■ **DATA PROVIDED**
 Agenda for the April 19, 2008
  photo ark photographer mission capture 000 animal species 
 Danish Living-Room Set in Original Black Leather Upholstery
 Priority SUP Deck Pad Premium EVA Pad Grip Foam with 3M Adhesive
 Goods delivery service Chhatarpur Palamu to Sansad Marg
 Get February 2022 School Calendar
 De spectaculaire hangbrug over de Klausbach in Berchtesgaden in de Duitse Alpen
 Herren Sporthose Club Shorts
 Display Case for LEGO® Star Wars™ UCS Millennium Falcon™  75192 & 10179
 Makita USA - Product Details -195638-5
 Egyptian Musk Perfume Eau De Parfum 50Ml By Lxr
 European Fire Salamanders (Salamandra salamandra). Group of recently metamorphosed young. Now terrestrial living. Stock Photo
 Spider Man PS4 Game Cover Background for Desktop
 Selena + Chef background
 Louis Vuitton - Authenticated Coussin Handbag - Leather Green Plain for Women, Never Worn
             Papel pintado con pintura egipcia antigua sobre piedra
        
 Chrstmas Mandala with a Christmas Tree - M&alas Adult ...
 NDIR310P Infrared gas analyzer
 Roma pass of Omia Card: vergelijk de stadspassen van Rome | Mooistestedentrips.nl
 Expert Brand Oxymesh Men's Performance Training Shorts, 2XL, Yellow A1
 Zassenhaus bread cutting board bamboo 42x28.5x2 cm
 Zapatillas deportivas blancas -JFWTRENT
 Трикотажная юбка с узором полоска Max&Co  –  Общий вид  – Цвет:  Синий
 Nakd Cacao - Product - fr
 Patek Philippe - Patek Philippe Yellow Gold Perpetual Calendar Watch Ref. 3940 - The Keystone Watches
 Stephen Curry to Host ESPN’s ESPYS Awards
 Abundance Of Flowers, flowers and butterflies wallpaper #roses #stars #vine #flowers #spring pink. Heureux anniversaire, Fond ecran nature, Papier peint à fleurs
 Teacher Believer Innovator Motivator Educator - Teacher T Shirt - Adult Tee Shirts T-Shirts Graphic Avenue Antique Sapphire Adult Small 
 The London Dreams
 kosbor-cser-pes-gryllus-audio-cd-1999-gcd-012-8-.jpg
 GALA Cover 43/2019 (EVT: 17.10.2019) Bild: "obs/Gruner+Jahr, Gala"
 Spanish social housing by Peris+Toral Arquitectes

■ **WORK REQUEST**
Lines from the one containing "Louis Vuitton - Authenticated" through the last line of the records, restated word for word: that is the whole response.

■ **RESULT OF THIS EXERCISE**
 Louis Vuitton - Authenticated Coussin Handbag - Leather Green Plain for Women, Never Worn
             Papel pintado con pintura egipcia antigua sobre piedra
        
 Chrstmas Mandala with a Christmas Tree - M&alas Adult ...
 NDIR310P Infrared gas analyzer
 Roma pass of Omia Card: vergelijk de stadspassen van Rome | Mooistestedentrips.nl
 Expert Brand Oxymesh Men's Performance Training Shorts, 2XL, Yellow A1
 Zassenhaus bread cutting board bamboo 42x28.5x2 cm
 Zapatillas deportivas blancas -JFWTRENT
 Трикотажная юбка с узором полоска Max&Co  –  Общий вид  – Цвет:  Синий
 Nakd Cacao - Product - fr
 Patek Philippe - Patek Philippe Yellow Gold Perpetual Calendar Watch Ref. 3940 - The Keystone Watches
 Stephen Curry to Host ESPN’s ESPYS Awards
 Abundance Of Flowers, flowers and butterflies wallpaper #roses #stars #vine #flowers #spring pink. Heureux anniversaire, Fond ecran nature, Papier peint à fleurs
 Teacher Believer Innovator Motivator Educator - Teacher T Shirt - Adult Tee Shirts T-Shirts Graphic Avenue Antique Sapphire Adult Small 
 The London Dreams
 kosbor-cser-pes-gryllus-audio-cd-1999-gcd-012-8-.jpg
 GALA Cover 43/2019 (EVT: 17.10.2019) Bild: "obs/Gruner+Jahr, Gala"
 Spanish social housing by Peris+Toral Arquitectes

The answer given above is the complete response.